Но тут он повернулся и, увидев графин, взял его в руки. Очень медленно вытащил пробку.
«Не нужно! – хотелось закричать Оливии. – Не нужно!»
Но она почему-то понимала, что не имеет права его останавливать. Нет сомнения в том, что он глубоко ранен, и поэтому сам решает, как с этим справляться. Только сам. Если Невилл предпочитает отупляющую силу выпивки, никто не может его остановить. Особенно она: женщина, которую он не может или не хочет полюбить.
Но, зная это, Оливия все-таки не могла уйти из комнаты. И увидела, как покачивающаяся фигура застыла. Он поднял графин к глазам и долго смотрел на янтарную жидкость, клубящуюся за хрустальными гранями. Огонь, просвечивающий через графин, падал на его лицо зловещими радужными отблесками.
Оливия затаила дыхание и прижала кулачки к губам.
«Пожалуйста, Невилл! Так ты никогда не обретешь счастья…»
Разве ее отец не был тому достаточным доказательством?
Но тут Невилл снова содрогнулся и резким движением послал графин в огонь.
Оливия подскочила от звона бьющегося хрусталя и ахнула. Пламя взметнулось чуть не до потолка, подобно ожившему зверю лизнуло каминную доску и дотянулось до сапог Невилла. Тот, услышав тихий вскрик Оливии, оглянулся, но тут же овладел собой, схватил коврик и набросил его на огонь, а для верности еще и потопал по нему. Пожар был потушен. Лишь запах дыма и горящего спирта напоминал о случившемся.
Невилл поднял голову, и при виде его разом осунувшегося лица у Оливии сжалось сердце. В чем причина? В войне со спиртным или в кошмарах? А может, в ней?
– Ты все видела, верно? – хрипло выговорил он. Оливия кивнула. Он не хотел, чтобы она наблюдала его в минуту слабости. И, по правде говоря, она тоже предпочла бы оказаться в другом месте. Но что теперь поделать?

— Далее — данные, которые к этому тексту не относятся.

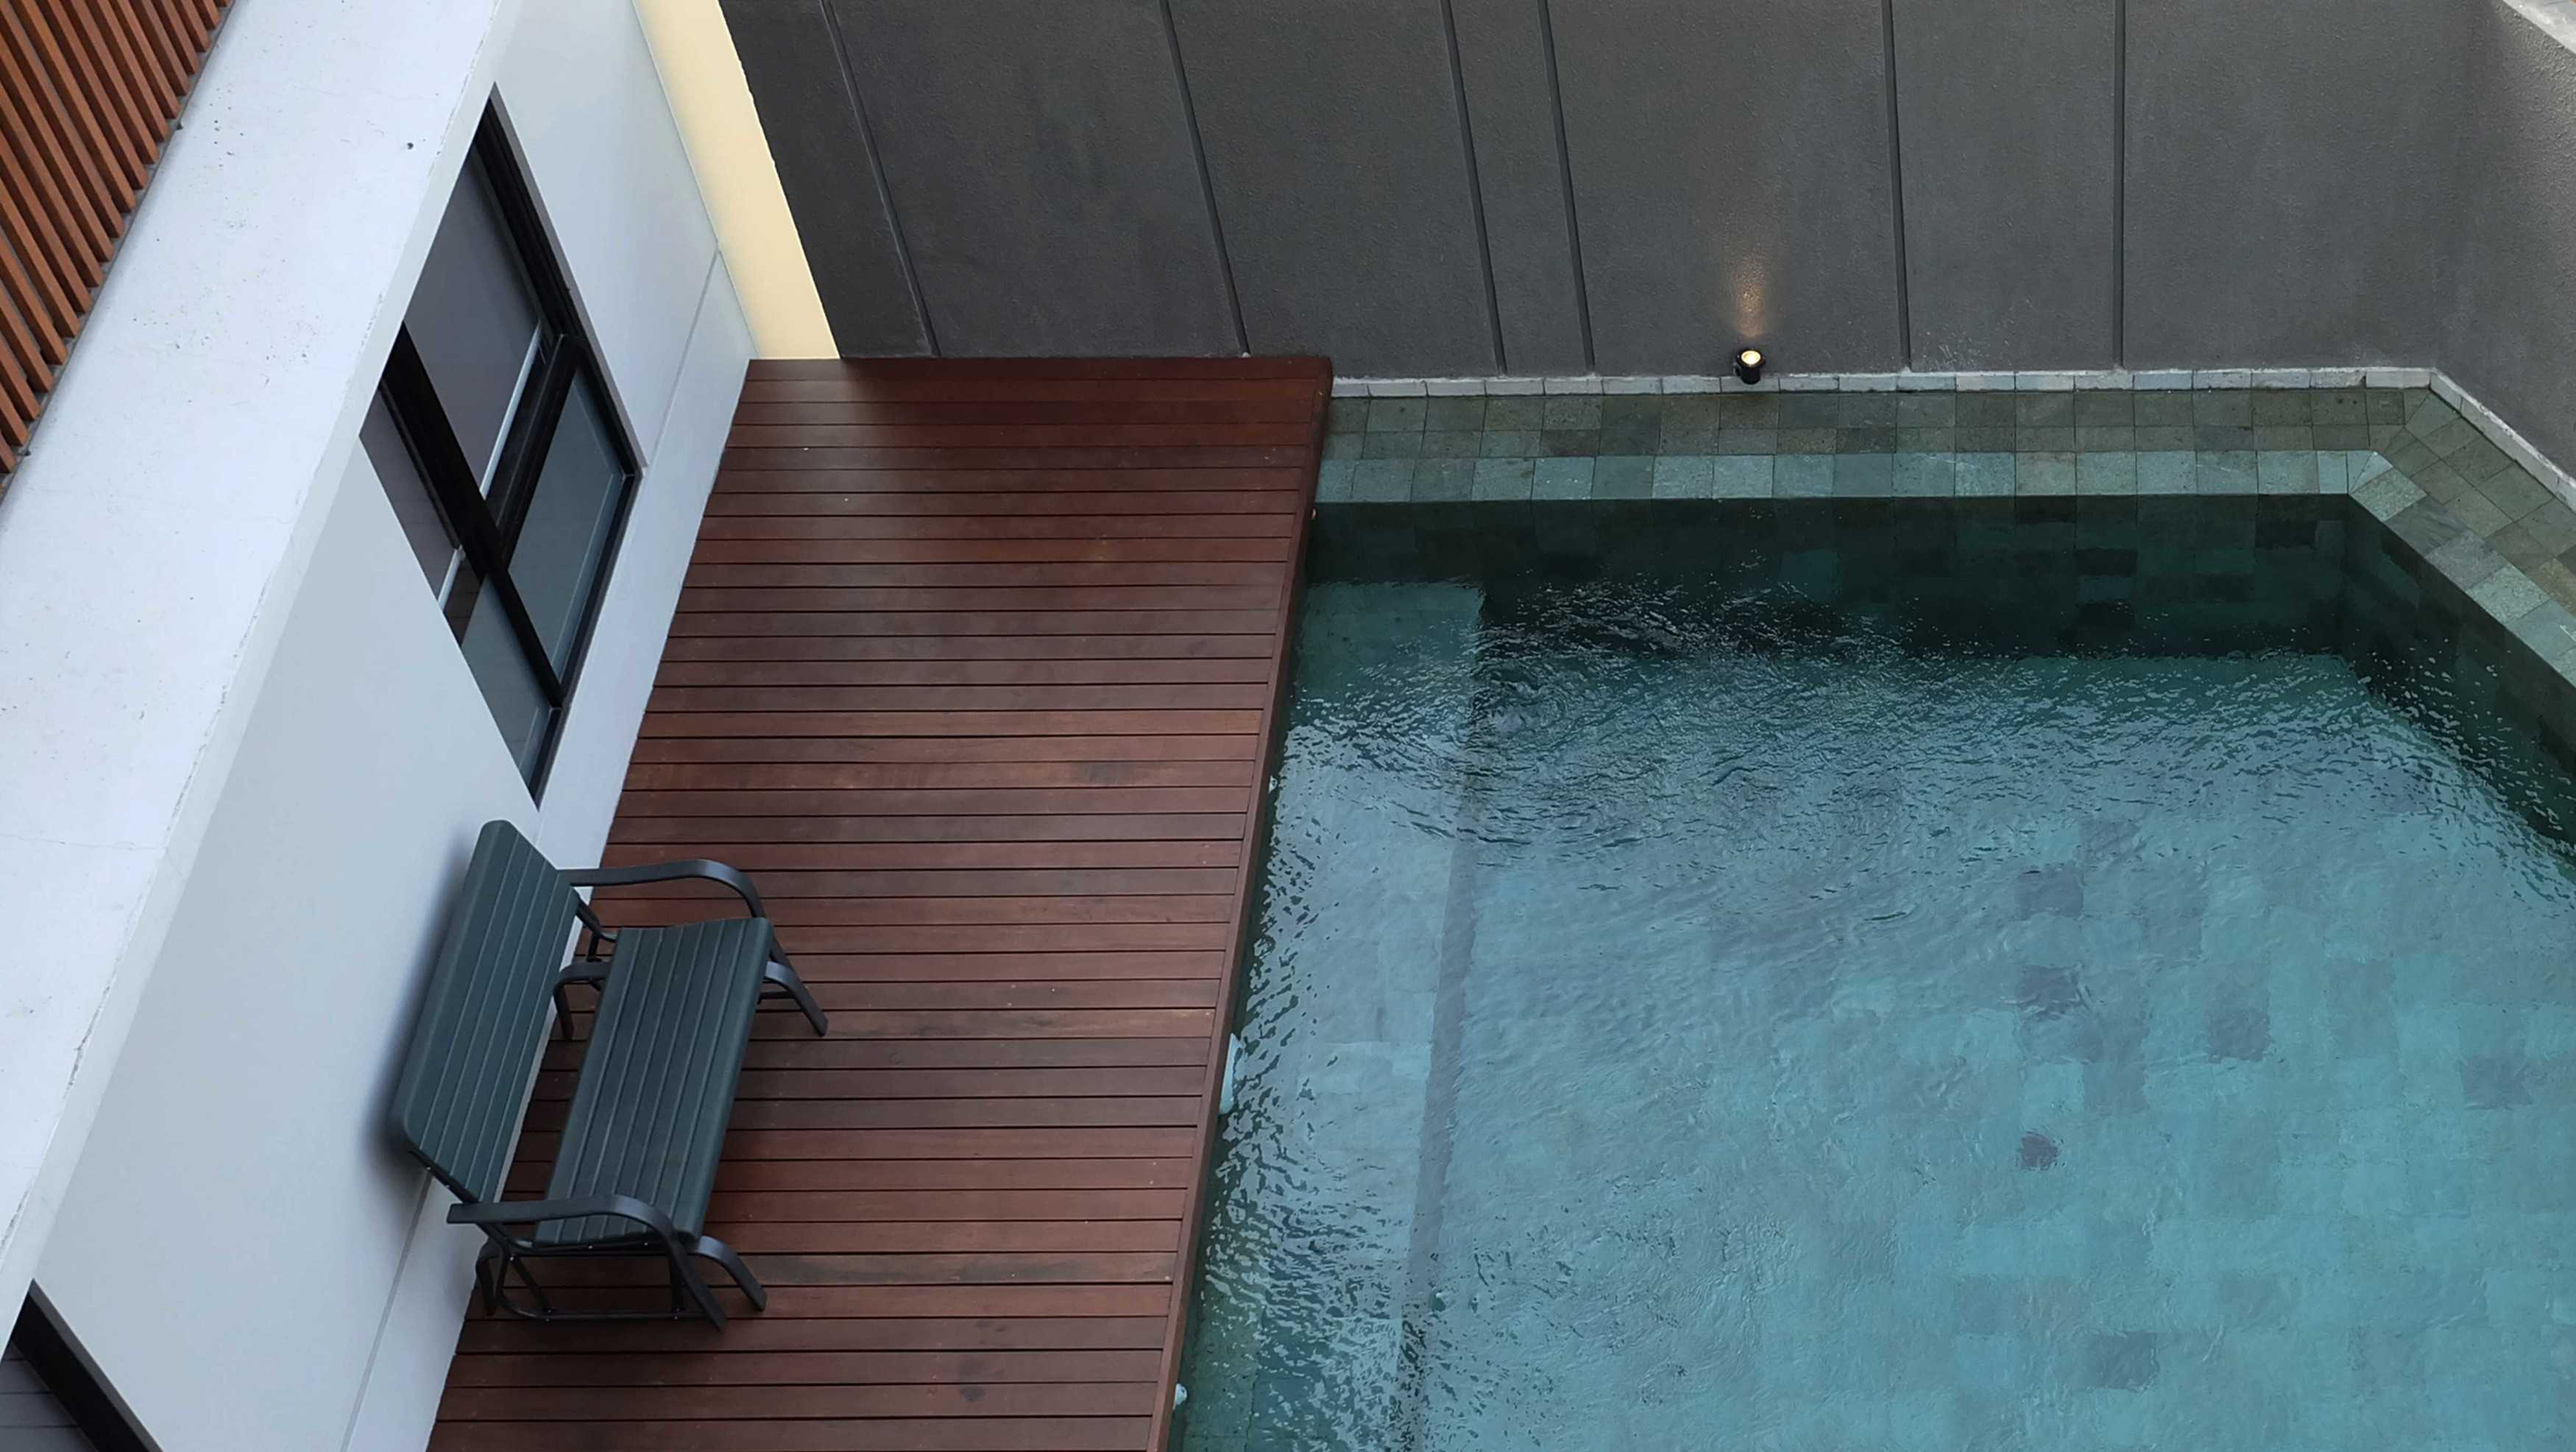 Gohte Architects Vk Homes Lippo Karawaci, Binong, Kec. Curug, Tangerang, Banten, Indonesia Lippo Karawaci, Binong, Kec. Curug, Tangerang, Banten, Indonesia Gohte-Architects-Vk-Homes   96620

Оливия вздохнула. Трудно объяснить, но, увидев, как он боится, как беззащитен, она еще больше уверилась в его силе. Он и сам не сознает, насколько силен.
– Невилл, – начала она, отбросив страхи.
– Нет, – покачал он головой. – Можешь не говорить. Ты хочешь разорвать помолвку, и я не стану спорить. Ты с самого начала говорила, что из меня не выйдет хорошего мужа, тем более для тебя. И теперь получила доказательство.
– Но это не так, – запротестовала она.
– Не нужно! – Он поднял руки, словно отстраняя ее упреки. – Ты не знаешь меня, Оливия. Не знаешь, каким жалким подобием мужчины я стал. Пытаясь найти что-то вроде покоя, я погубил тебя. Думал… что, сделав тебя своей, овладев тобой, женившись, положу конец этим кошмарам, которые меня преследуют. – Он судорожно сжал руками виски. – Но ничего не вышло. Ничего.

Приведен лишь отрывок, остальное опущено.